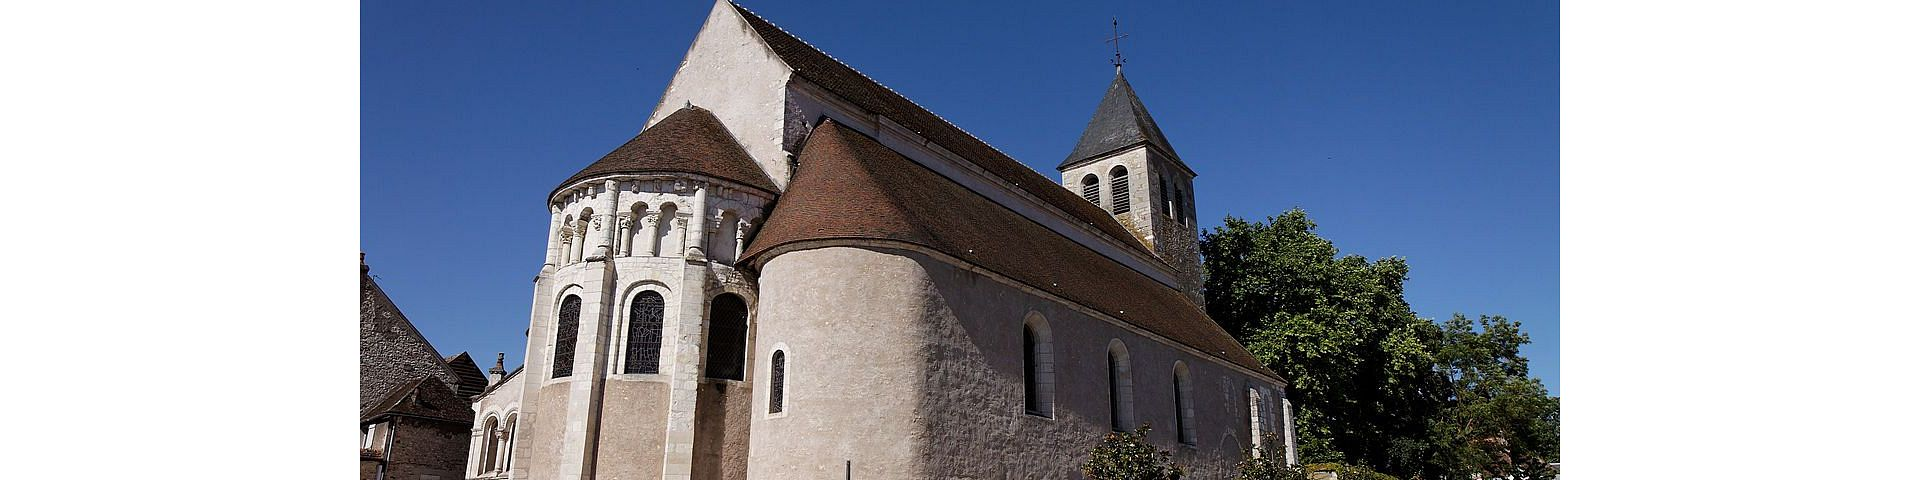 Cosne-sur-Loire - Eglise St-Aignan (58)
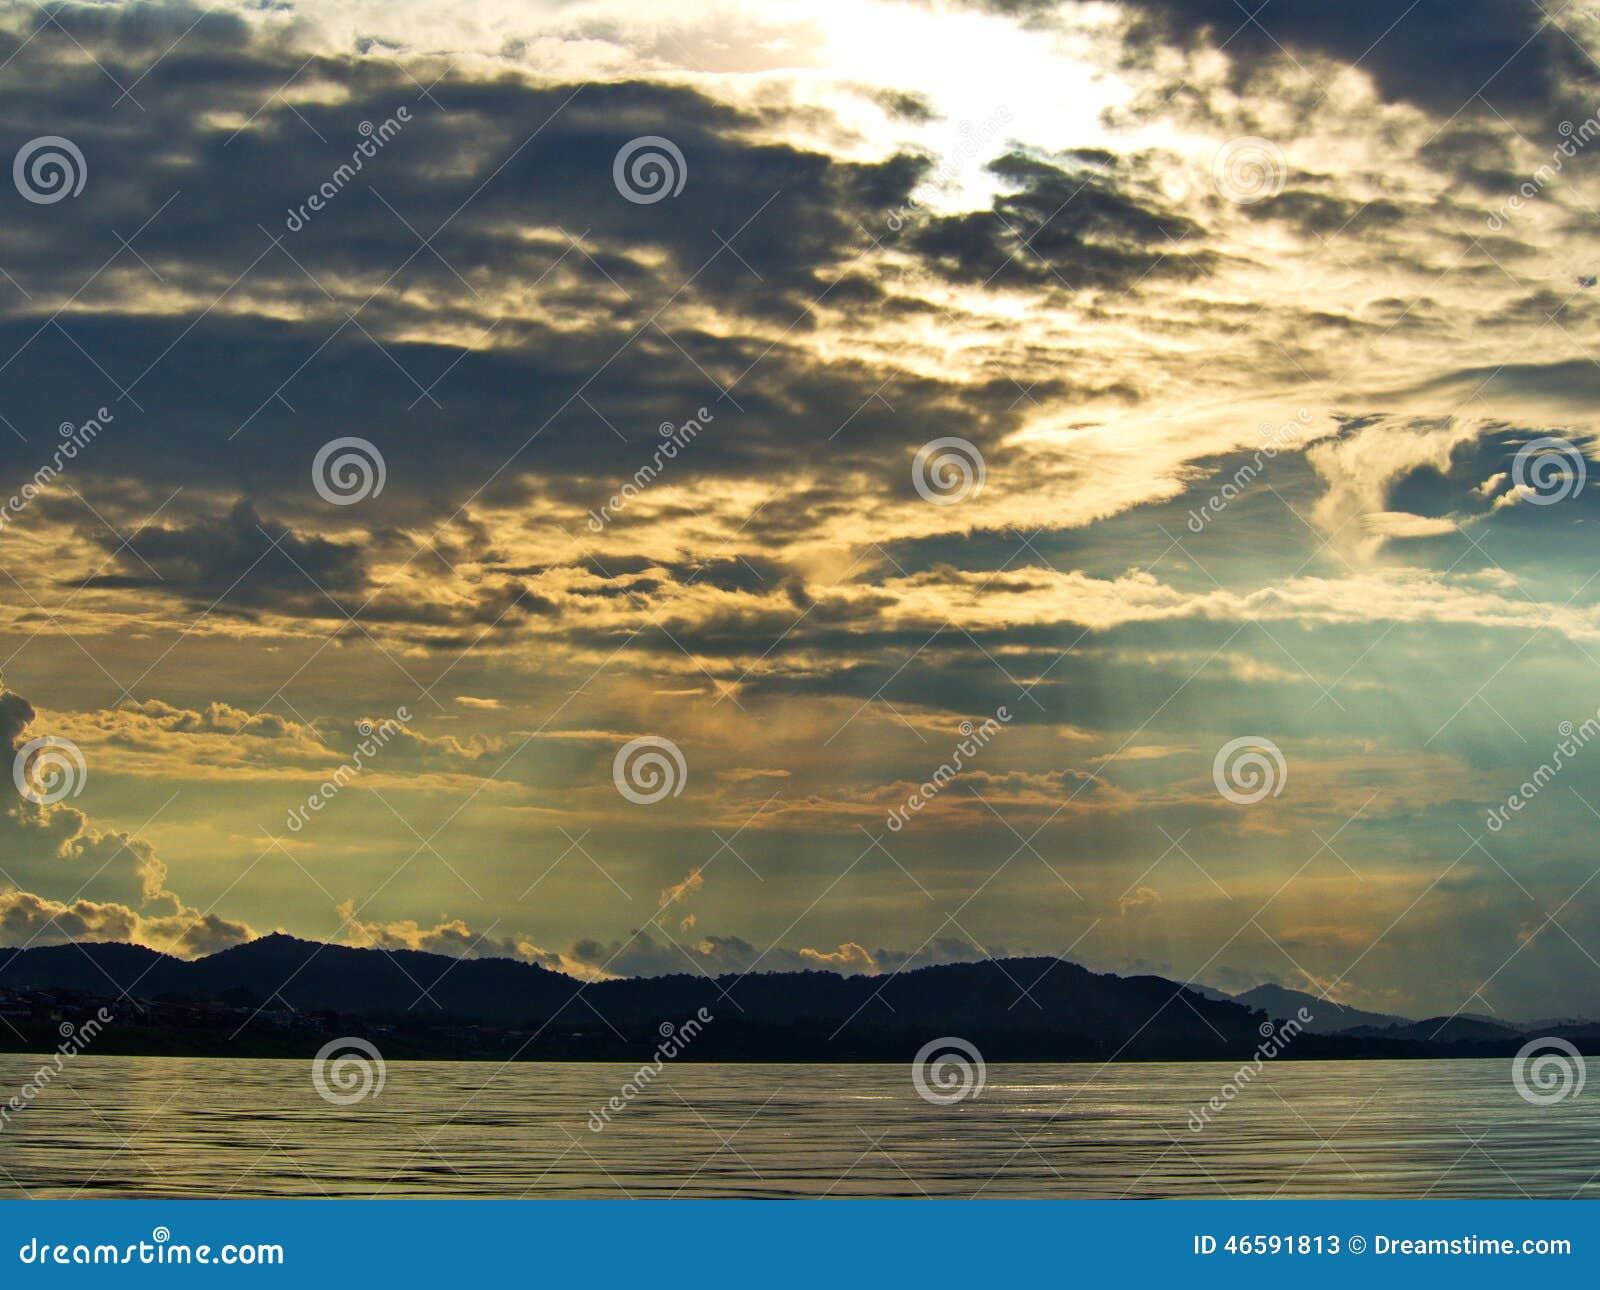 Emotion sky at river side
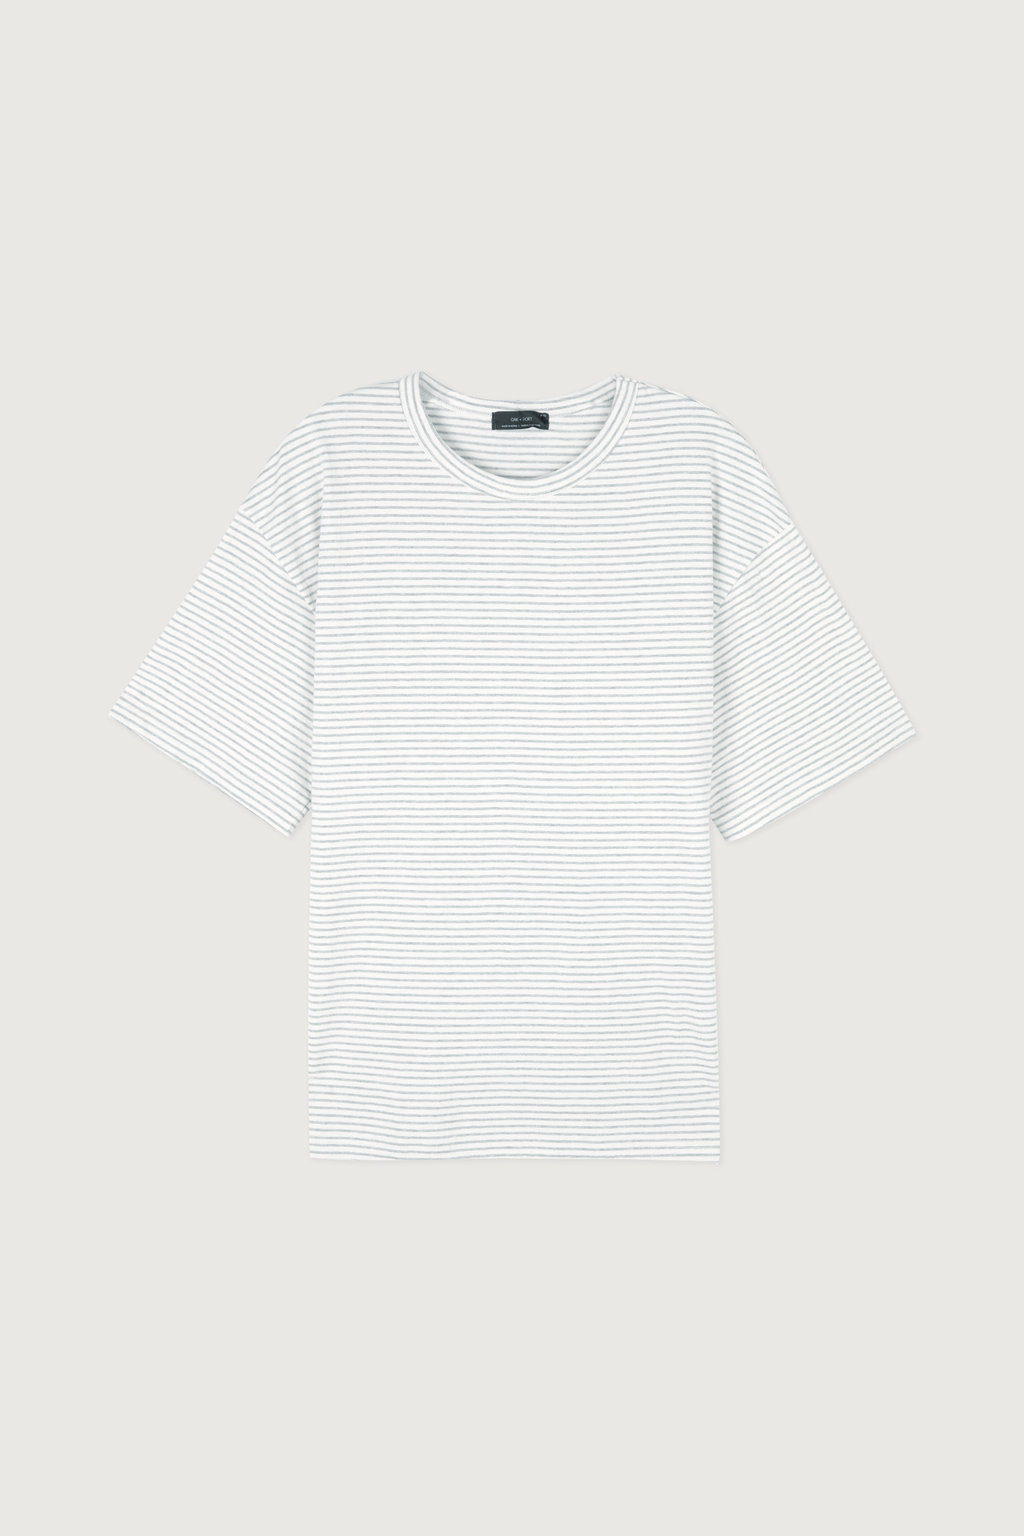 TShirt K008M Gray 11
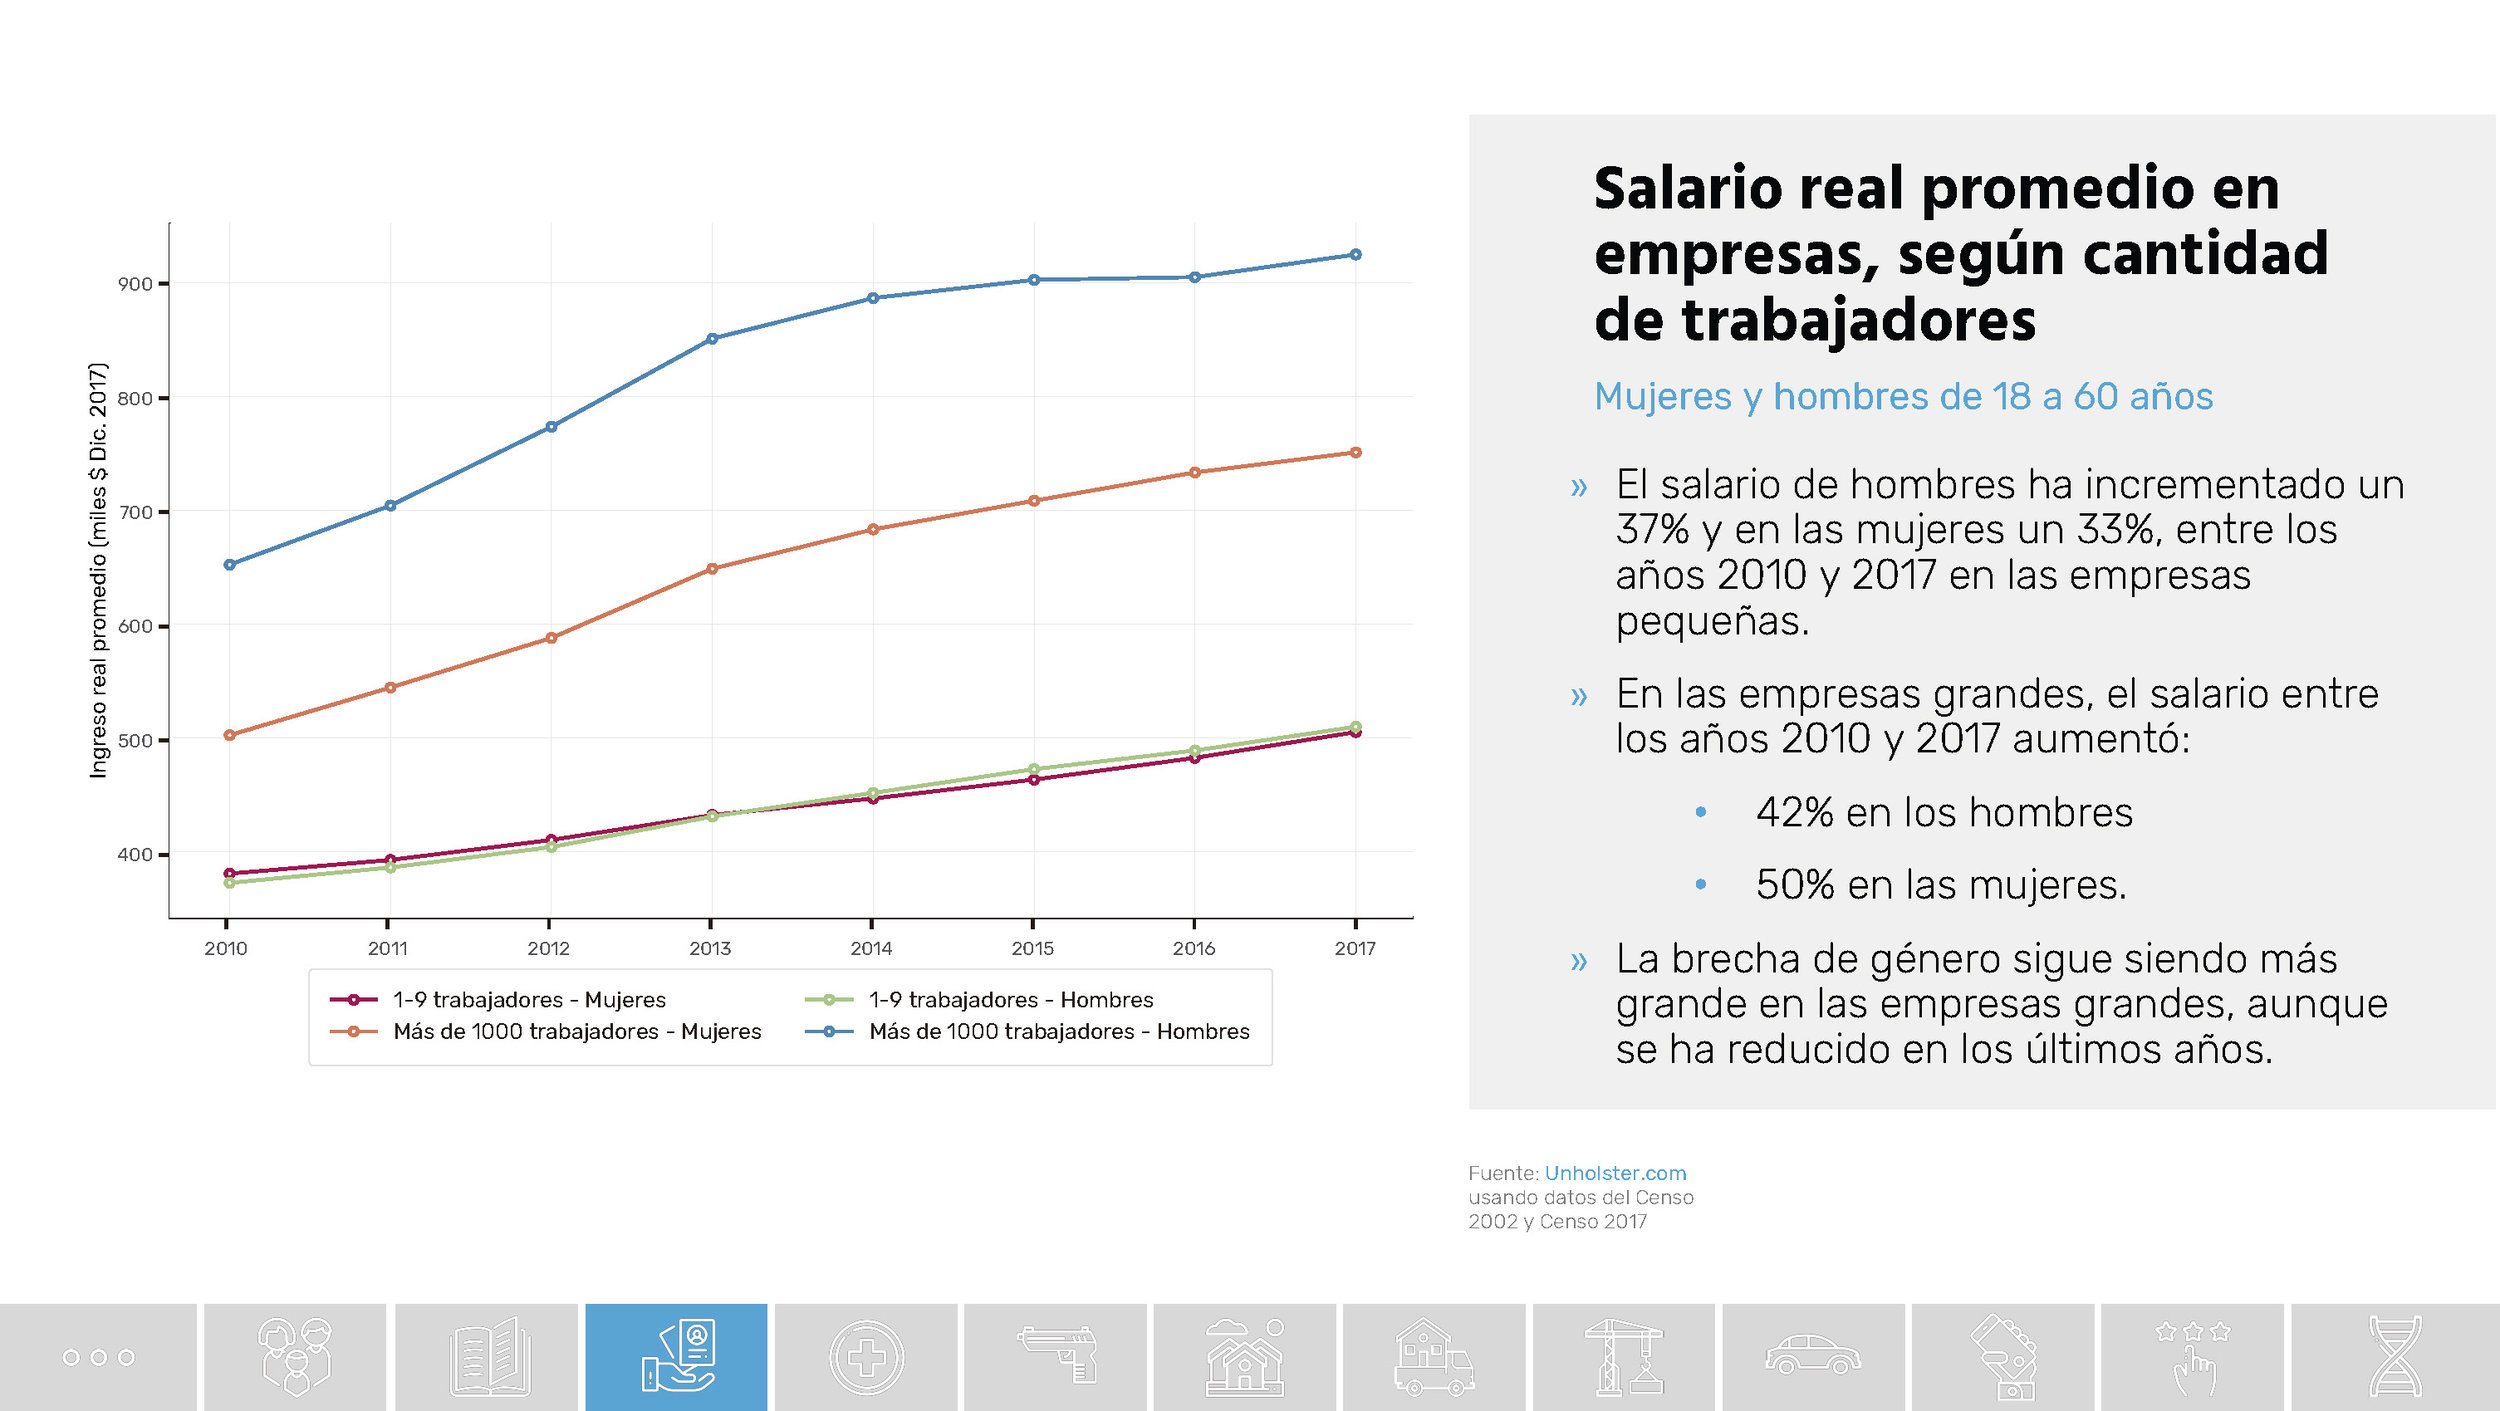 Chile_Datos de una transformacion social_Unholster_Página_31.jpg

WHAT IS BEING ASKED | Copy out all of the data word for word. Do not carry over any picture.

RESULT FOR THIS TASK |
 Cosne-sur-Loire - Eglise St-Aignan (58)
 Emotion sky at river side
 TShirt K008M Gray 11
 Chile_Datos de una transformacion social_Unholster_Página_31.jpg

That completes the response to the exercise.